The Archaeology News Network reports that after 1,700 years of neglect and silence, the ancient theatre of Messeni is slated to re-opens its doors for the public, this summer. Restoration work took nearly 20 years, but the theater is now ready for use again--as the theater was intended to be.

“We want the theatre to operate for events, schools, conferences. We want all areas of ancient Messene to operate in a multifaceted manner. We want the whole city to become alive, to be related to society and the institutions. The only damage is caused by women’s high heels; the risk of damages comes through time not people.”

Archeologist Petros Themelis has spearheaded the project from the beginning, and he believes that the purpose of a theater is the be used, not remain clothed. This from a man who has spent years trying to piece together the theater. From the article:

“When we first started the excavations, we found ourselves discouraged. The theatre was practically non-existent, the only thing left were some barrier walls and the olive groves surrounding it (…). Huge earth deposits covered the orchestra and the koilon” says Petros Themelis, head of the excavations.
After operating for six centuries, the theatre was abandoned, it declined and eventually succumbed. Characteristic for the apathy of the residents of the area regarding its fate is the fact that during Byzantine era, they removed many of the seats and used them as building material for temples and houses. The restoration of the ancient theatre lasted more than 20 years. The archaeologists managed to re-unite the scattered pieces and put back to their places more than 2,000 seats."
Ancient Messeni (Αρχαία Μεσσήνη) is a local community within the regional unit of Messenia, and is located in the far south of modern Greece. Most of the area of Ancient Messene contains the ruins of the large classical city-state of Messene refounded by Epaminondas in 369 BC, after the battle of Leuctra and the first Theban invasion of the Peloponnese. The ancient city can be visited an is a major tourist attraction. In ancient times, it was founded by Helots (Spartan slaves) running from Sparta. The defensive wall they built around the city to keep them out still exists in some places. Pausanias describes the ancient city in great detail in his 'Description of Greece'; a few choice selections.

"Round Messene is a wall, the whole circuit of which is built of stone, with towers and battlements upon it.

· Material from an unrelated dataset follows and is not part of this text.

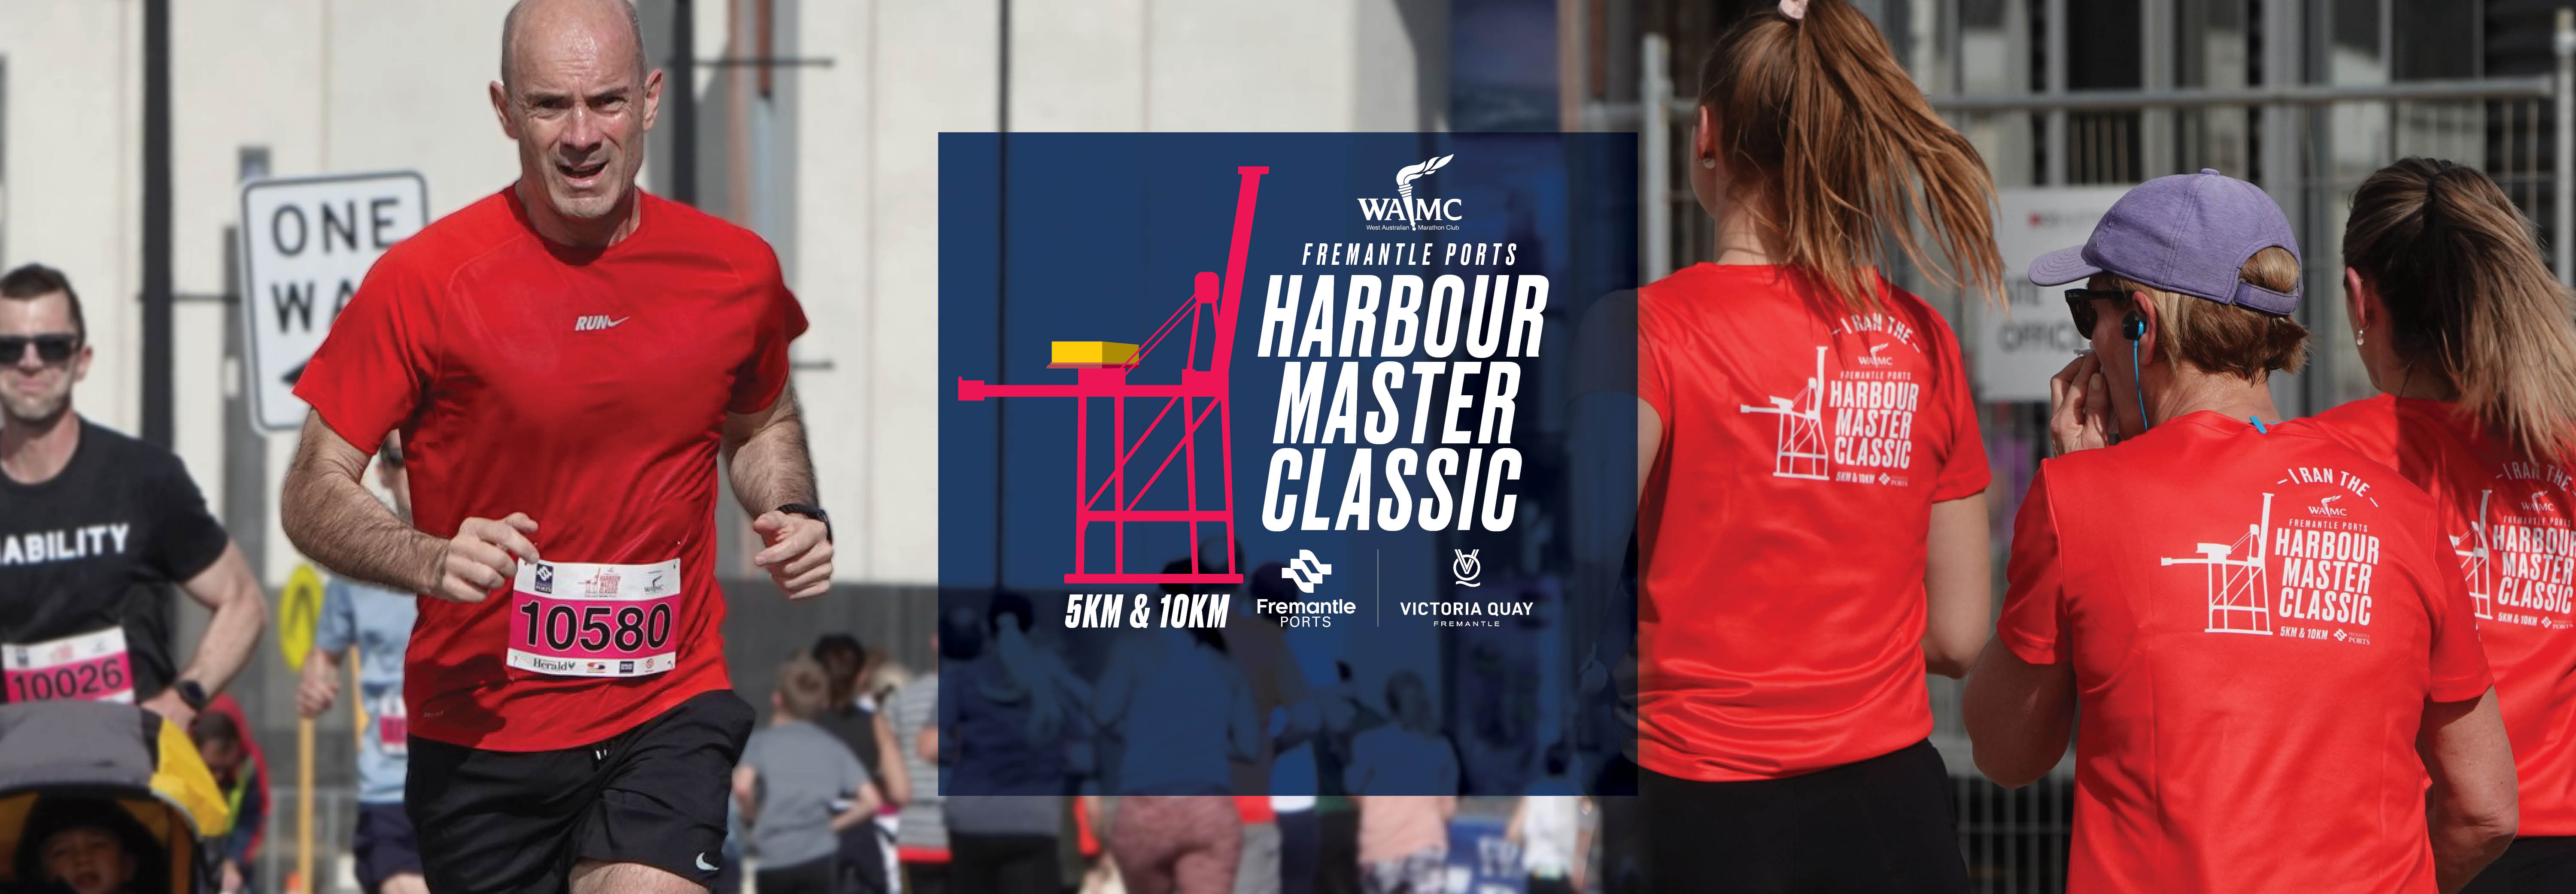 Fremantle Ports Harbour Master Classic Fun Run banner

I have not seen the walls at Babylon or the walls of Memnon at Susa in Persia, nor have I heard the account of any eye-witness; but the walls at Ambrossos in Phocis, at Byzantium and at Rhodes, all of them the most strongly fortified places, are not so strong as the Messenian wall." [4.31.5]
"The Messenians possess a statue of Zeus the Saviour in the market-place and a fountain Arsinoe. [...] There are sanctuaries of the gods Poseidon and Aphrodite, and, what is most deserving of mention, a statue of the Mother of the Gods, of Parian marble, the work of Damophon,31 the artist who repaired the Zeus at Olympia with extreme accuracy when the ivory parted. [...] By Damophon too is the so-called Laphria at Messene. The cult came to be established among them in the following way: Among the people of Calydon, Artemis, who was worshipped by them above all the gods, had the title Laphria, and the Messenians who received Naupactus from the Athenians, being at that time close neighbors of the Aetolians, adopted her from the people of Calydon.
The Messenians have a temple erected to Eileithyia with a stone statue, and near by a hall of the Curetes, [...] There is a holy shrine of Demeter at Messene and statues of the Dioscuri, carrying the daughters of Leucippus. [...] The most numerous statues and the most worth seeing are to be found in the sanctuary of Asclepius. For besides statues of the god and his sons, and besides statues of Apollo, the Muses and Heracles, the city of Thebes is represented and Epaminondas the son of Cleommis, Fortune, and Artemis Bringer of Light." [4.31.6 - 4.31.10]

The theater is only mentioned in passing:

"There is also a bronze statue of Aristomenes in the Messenian running-ground. Not far from the theater is a sanctuary of Sarapis and Isis." [4.32.6]

The restored theatre will open on the third of August with an opera performance in ancient Hellenic festival style. It will be performed by the Athens State Orchestra, conducted by Giorgos Kouroupos. Soloists Dimitris Platanias and Tselia Kostea will participate. The event is organized in cooperation with the “Diazoma” Association.vDuring the event, 2,500 spectators will be hosted at the theatre. After the completion of restoration works, its capacity is estimated to reach 5,000 seats, which is half the capacity the theater had in antiquity.